Has anyone tried something like Ido Portal's squat challenge? Basically spend X minutes a day in the squat position. 30 minutes for 30 days for Ido Portal's challenge.

What were your results?
Difficulties encountered?
Tips to share?

I have tried 30 minutes in 30sec sets while at work and although it was doable 30 days are probably beyond my body's ability right now. My lower back felt weak and loose and my hips a little bit beat up at the end of it. So maybe I will try 10 minutes every work day for a month.
 
@marvinthemartian
I have done the challenge twice, I like it.
Both times I received a great increase in ankle mobility (I did it barefoot though) and hip mobility (my hips feel great during and for weeks after the 30 days). I felt like I was walking much taller, so better posture and my feet also became much strong as I was often gripping and squeezing the ground while in the deep squat.
I was doing S&S each time I did the challenge and my Swing's felt crisp and more powerful due to loose/mobile hips and perhaps activated glutes.

The only difficulty was getting to 30 minutes each day the first week as my ankles hurt, I learnt to shake it off and change foot position to combat this. I started with only being able to manage 90-120 seconds in the squat but finished with a comfortable 15 minutes after the first 30 days and the second time I did it (a year later) I managed a full 30 minutes in the squat, I also included Ido's Squat routine 2.0 into the 30 minutes the second time around for fun.

Some tips would be to do it barefoot whenever you can. I ate meals, read Strongfirst articles and watched tv in the squat to be more efficient. I highly recommend squeezing the ground with your feet, especially if your ankles tilt inwards (mine did the first week or so) and feel free to do Ido's squat routine 2.0 it will only improve the experience and results.

@the hansenator
It is a static squat yes but you're encouraged to move around a little and even pry your ankles and hips.
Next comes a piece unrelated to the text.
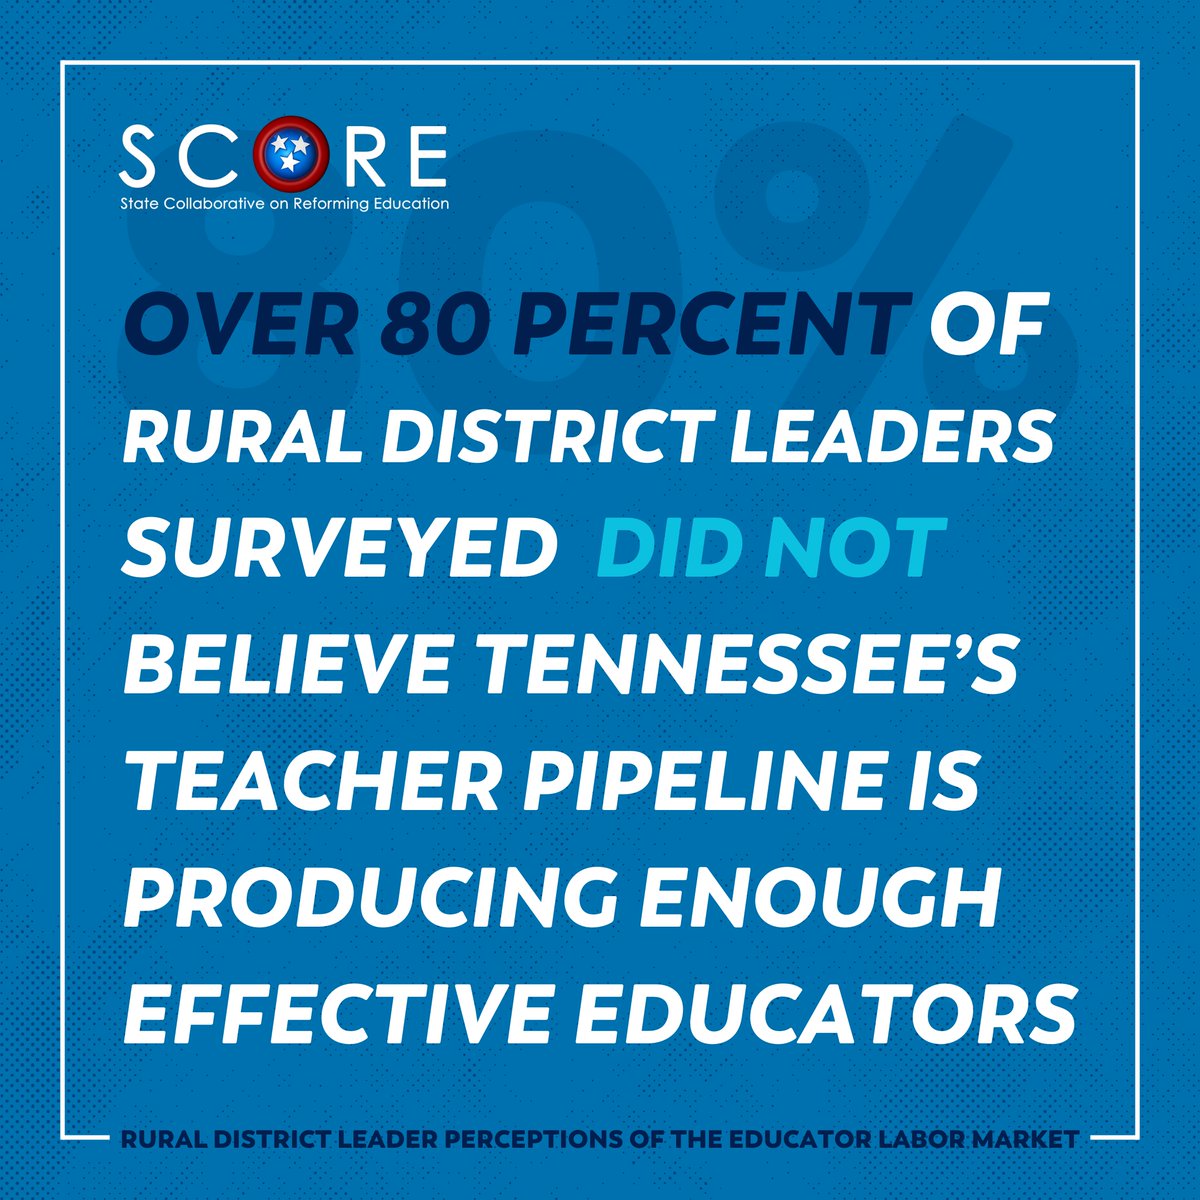 Rural districts play a large role in TN's education landscape. Our new report reveals challenges rural district leaders face as they recruit and retain educators & provides new data to build evidence-based supports for TN's educator labor market. tnscore.org/resources/stre…

The idea is to just sit at the bottom of a squat in small increments for a total of 30 minutes each day.

 
I haven't done this exact routine but I made it a daily habit to do sone form if squatting either via a dedicated leg day, as a mobility before non-leg training or just sprinkled in over the day. If you do this consistently, i.e. not only for 30 days you will def notice an improvement.
 
Something as mundane as scooping the cat litter box becomes an opportunity to be comfortable in a deep squat. Many so-called mundane moments can be taken advantage of.
 
I've never timed anything but like to spend time in a squat here and there. I read about how people struggle with squatting like that so I try to do enough to maintain it.
 
Hi,
I've just started doing it, thanks to this thread.
I notice my deep squat is way better after a set of (bodyweight) hack squat (trying to pull the hips off their sockets)
 
Hi guys,
I'm new here, and this is my first post. I found this by searching for 'ankle mobility' because my left ankle is very immobile compared to my right one. I have a general question, and although this is not the best thread for it, I think someone here might be able to share some experiences on it:

Is the prying goblet squad in the Simple and Sinister programme also effective for increasing ankle mobility? I tried it but it doesn't feel that way - yet.

If there are no replies I'll take this question to a more suitable thread. I guess I'm just hoping to hear from people with similar ankle mobility problems, and how they solved it - preferably in a very simple short daily exercise :p

Thanks for reading and I wish everyone here great squats with an awesome range of motion :)
 
Hi guys,
I'm new here, and this is my first post. I found this by searching for 'ankle mobility' because my left ankle is very immobile compared to my right one. I have a general question, and although this is not the best thread for it, I think someone here might be able to share some experiences on it:

Is the prying goblet squad in the Simple and Sinister programme also effective for increasing ankle mobility? I tried it but it doesn't feel that way - yet.

If there are no replies I'll take this question to a more suitable thread. I guess I'm just hoping to hear from people with similar ankle mobility problems, and how they solved it - preferably in a very simple short daily exercise :p

Thanks for reading and I wish everyone here great squats with an awesome range of motion :)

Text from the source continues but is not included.